- [DATA RECORDS]:
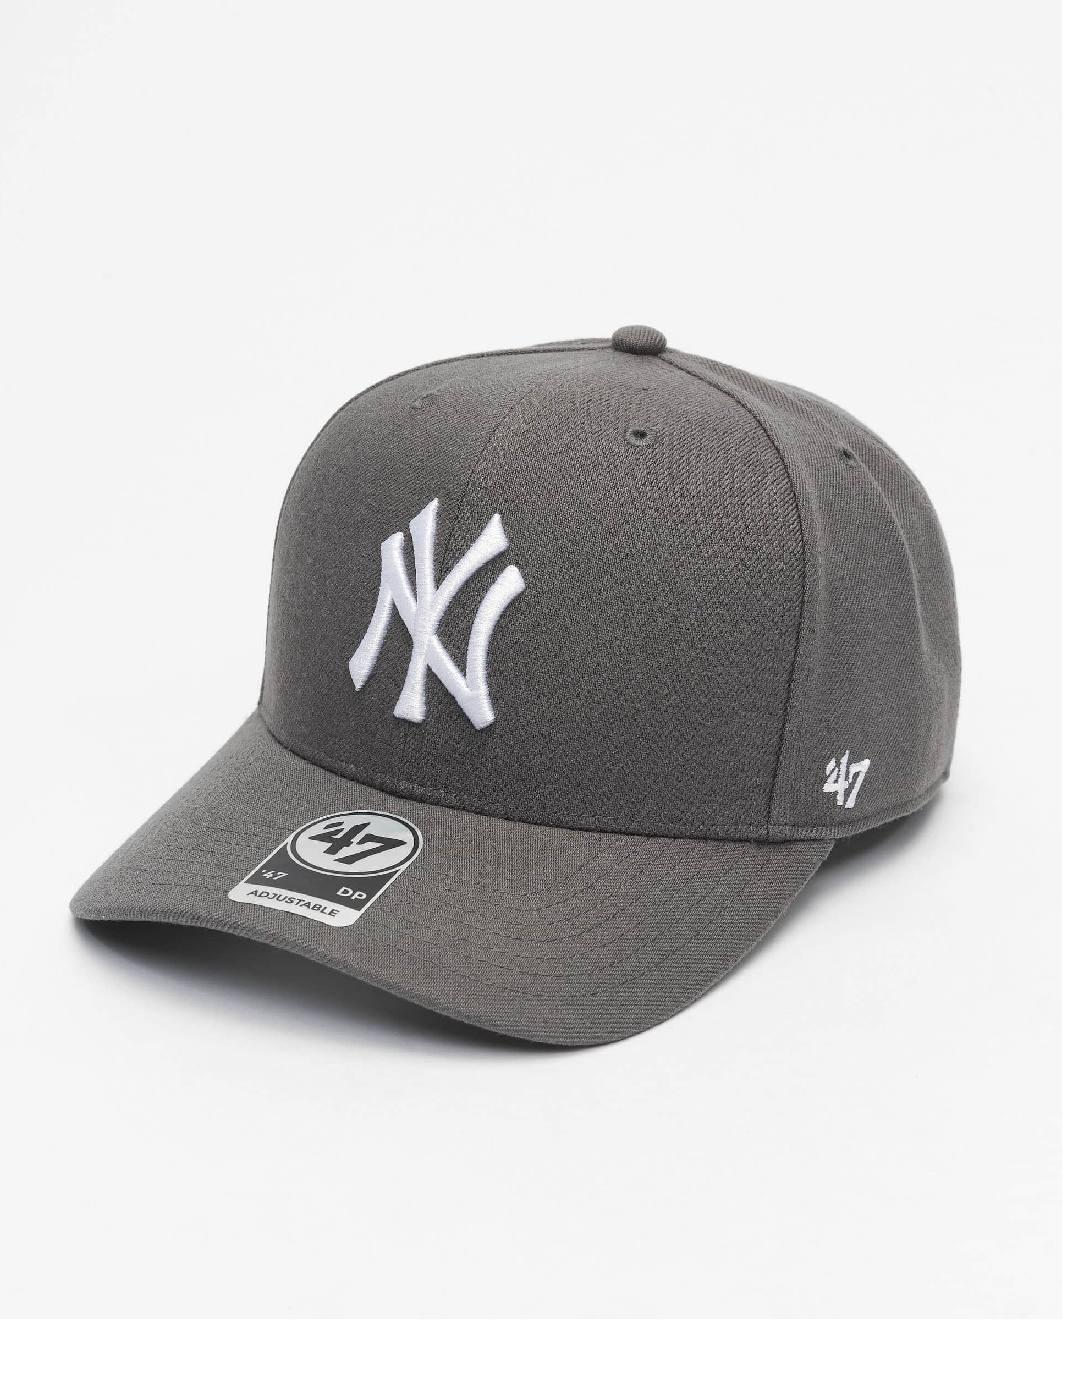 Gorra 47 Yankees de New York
* * *
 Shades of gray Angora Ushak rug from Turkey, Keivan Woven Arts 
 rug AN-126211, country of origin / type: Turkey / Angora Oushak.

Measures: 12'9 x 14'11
---
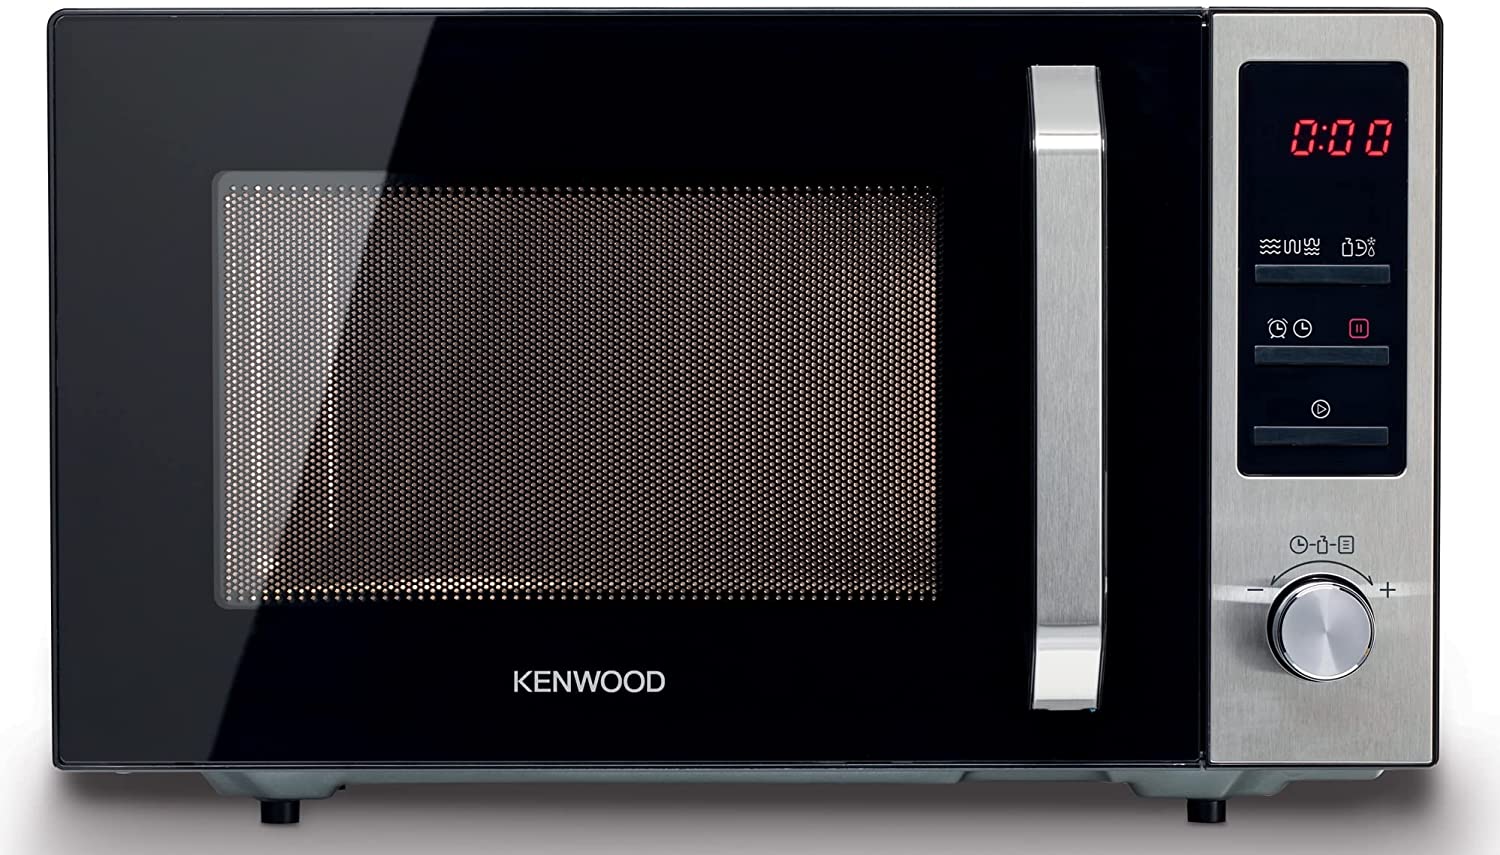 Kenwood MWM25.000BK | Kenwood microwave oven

- [TASK INSTRUCTIONS]:
The expected answer is every line above in which the word "Turkey" appears.

- [EXERCISE ANSWER]:
 Shades of gray Angora Ushak rug from Turkey, Keivan Woven Arts 
 rug AN-126211, country of origin / type: Turkey / Angora Oushak.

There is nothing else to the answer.